Mel Gibson encerra gravações de “A Ressurreição de Cristo”, continuação de sucesso bíblico
As filmagens de A Ressurreição de Cristo, continuação do filme A Paixão de Cristo, foram finalizadas na Itália. As informações surgiram através de registros divulgados nas redes sociais nos últimos dias, marcando um avanço significativo no projeto dirigido por Mel Gibson, que está em desenvolvimento há anos, com revisões de roteiro e alterações no elenco.
A produção foi dividida em duas partes, com previsão de lançamento para datas estratégicas no calendário cristão. A Ressurreição de Cristo: Parte Um tem estreia agendada para 26 de março de 2027, coincidindo com a Sexta-feira Santa. A segunda parte chegará aos cinemas em 6 de maio de 2027, próximo ao Dia da Ascensão.
O filme se propõe a abordar os eventos que sucedem a crucificação de Jesus Cristo, com um foco especial em sua ressurreição. Em contraste com a obra original, esta nova produção apresenta um elenco renovado. O ator Jaakko Ohtonen assume o papel de Jesus, substituindo Jim Caviezel. O elenco conta ainda com Mariela Garriga como Maria Madalena, Pier Luigi Pasino como Pedro, Kasia Smutniak como Maria, Riccardo Scamarcio interpretando Pôncio Pilatos e Rupert Everett em um papel coadjuvante.
Segundo informações da produção, a decisão de substituir o elenco original visa evitar o uso de técnicas digitais de rejuvenescimento, consideradas dispendiosas. As gravações ocorreram em locais como os estúdios Cinecittà, em Roma, e em outras cidades do sul da Itália, incluindo Matera.

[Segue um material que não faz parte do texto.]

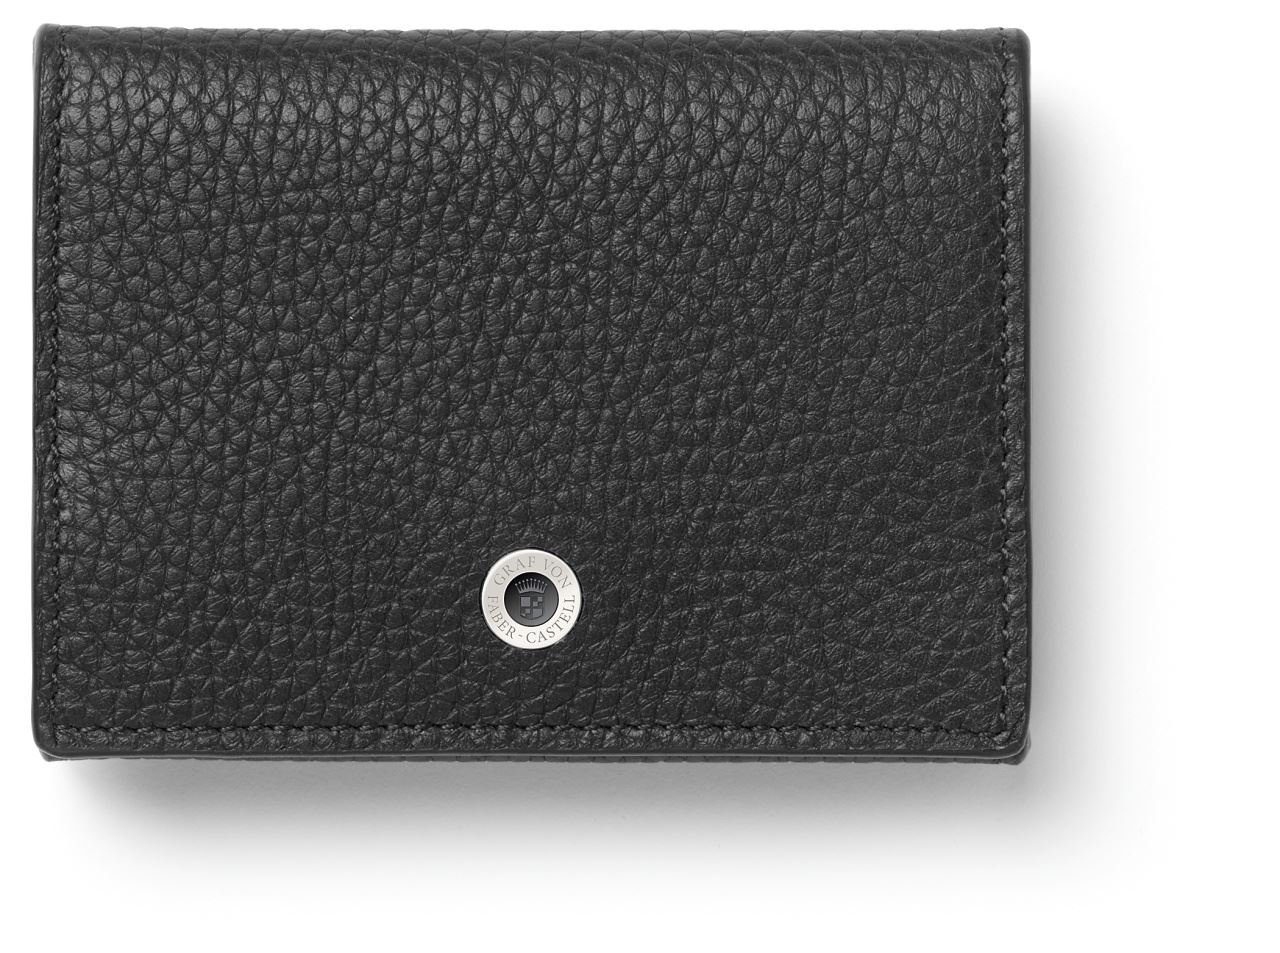 Graf-von-Faber-Castell - Coin purse Cashmere, black

O roteiro foi concebido por Mel Gibson em colaboração com Randall Wallace, conhecido por seu trabalho em Coração Valente. Em declarações anteriores, Gibson descreveu o projeto como uma exploração aprofundada de temas teológicos, com referências ao inferno, ao Sheol e à origem de Satanás.
Lançado em 2004, A Paixão de Cristo obteve um expressivo sucesso comercial, arrecadando mais de US$ 610 milhões em bilheteria mundial e se firmando como um dos filmes independentes mais lucrativos. Em entrevista concedida em 2022, Gibson refletiu sobre a imperfeição humana e a busca por redenção.
“Desde cedo me ensinaram que somos imperfeitos e que vamos cometer erros. Somos falhos e precisamos de ajuda. Normalmente, a melhor maneira de conseguir ajuda é pedindo”, afirmou Gibson, segundo o The Christian Post.
O diretor também discorreu sobre a importância da consciência individual e da tomada de decisões éticas.
“Você precisa examinar sua própria consciência e seguir o caminho certo, eu acho. Não existe um caminho certo; existem milhões de caminhos errados, e você precisa eliminá-los ou simplesmente usar seu melhor discernimento para superar a situação”, declarou.